Se ripensiamo al passato, dobbiamo ammettere che sia
gli uomini che le donne furono soggetti a varie forme di
abuso sessuale. Accettarle, sottomettersi, significava spesso ricevere un po’ di cibo in più. Dovremmo condannare queste persone? Ovviamente no! Piegandosi davanti
a privazioni fisiche e mentali, così come agli scambi sessuali, tutto era possibile. Nei campi femminili c’erano
stupri, ma c’erano anche prestazioni erotiche concesse in
cambio di una fetta di pane o di una patata. Sapevamo,
vedevamo, sentivamo, ma non ne parlavamo mai. Eravamo disperate, e perciò ce ne stavamo zitte.
Le donne in Europa, durante gli anni trenta e anche
oltre, erano cittadini di seconda classe. Lavoravamo come infermiere, segretarie, insegnanti, domestiche, ma era
impensabile vederci a capo di un ufficio, di una fabbrica o di una squadra di lavoro.

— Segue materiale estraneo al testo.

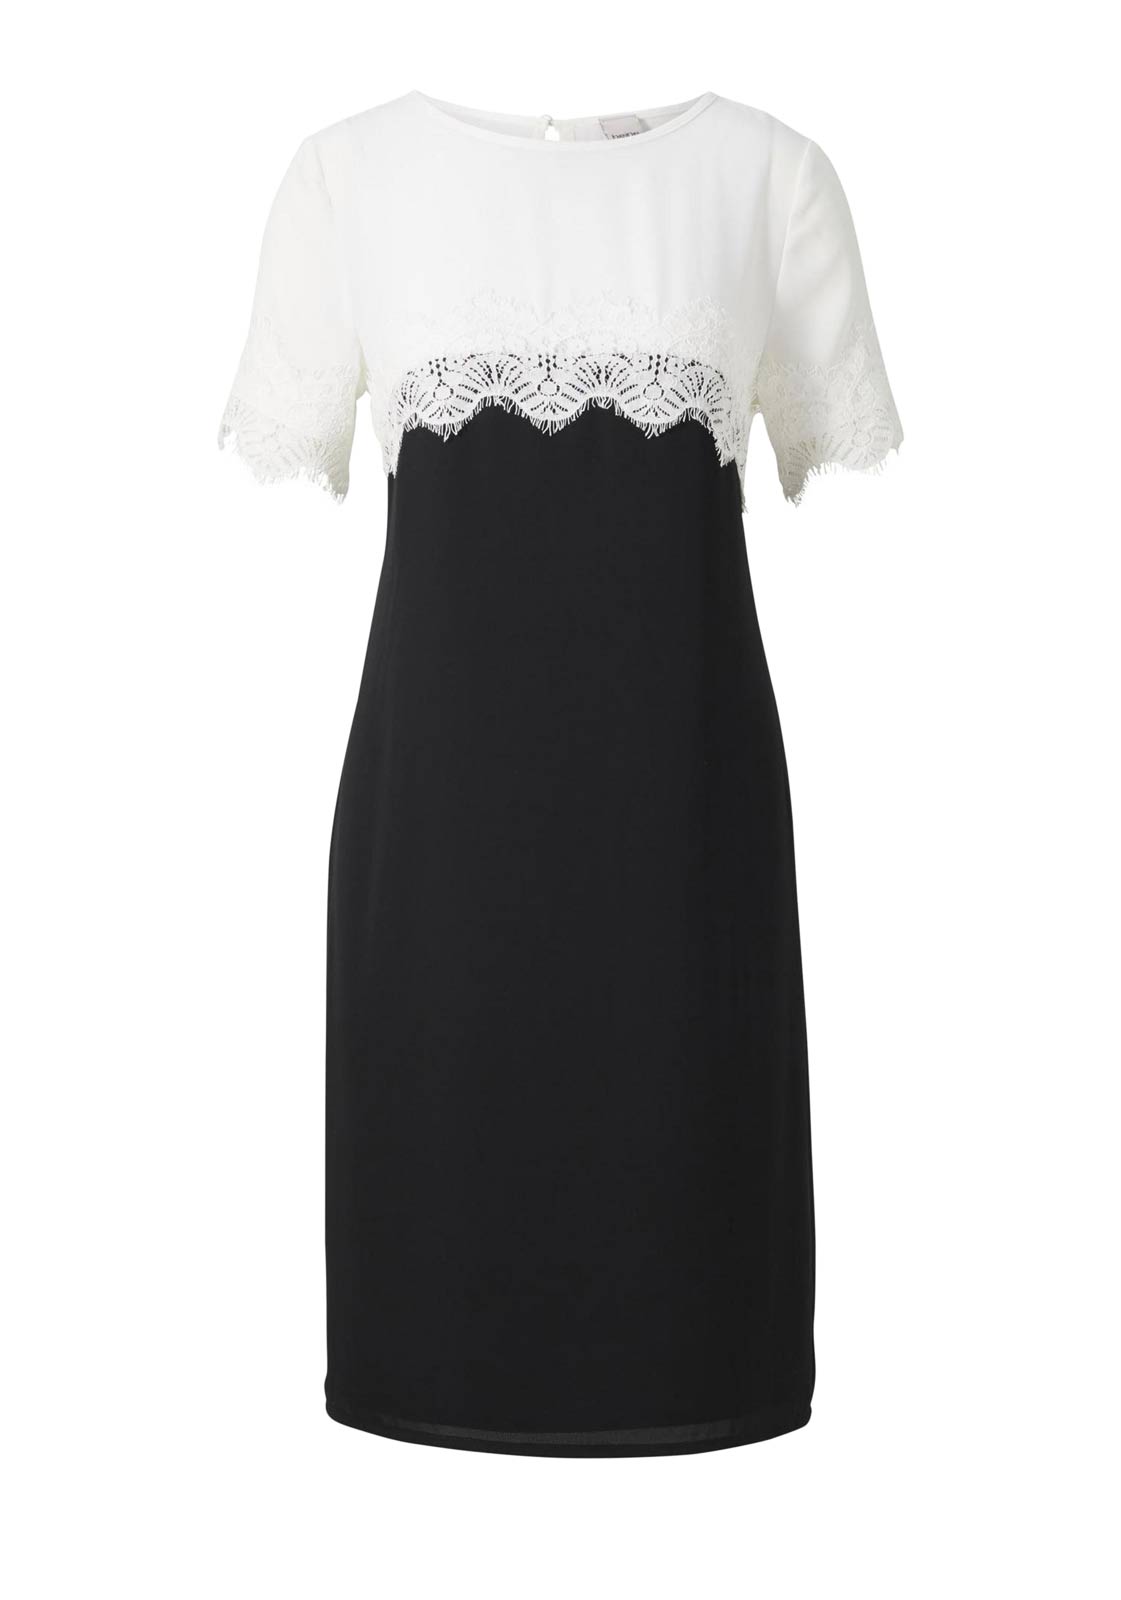 HEINE Damen Georgette-Kleid, schwarz-weiß

Eppure, nel ghetto di Lodz, tra il 1940 e il 1944,
all’improvviso tutto ciò cambiò radicalmente. Per la prima volta, come se nulla fosse, le donne si ritrovarono
alla guida di fabbriche, uffici, cucine e di ogni altro
settore della vita del ghetto. Erano donne capaci, intelligenti, operose e ambiziose. Volevano sopravvivere. Volevano poter decidere di almeno una parte della loro
vita, in condizioni che erano ben lontane dall’essere normali. E ci riuscirono. Persino gli uomini, cautamente,
controvoglia, dovettero ammettere che le donne che raggiungevano qualche posto di comando si rivelavano efficienti, esperte e capaci di lavorare al meglio.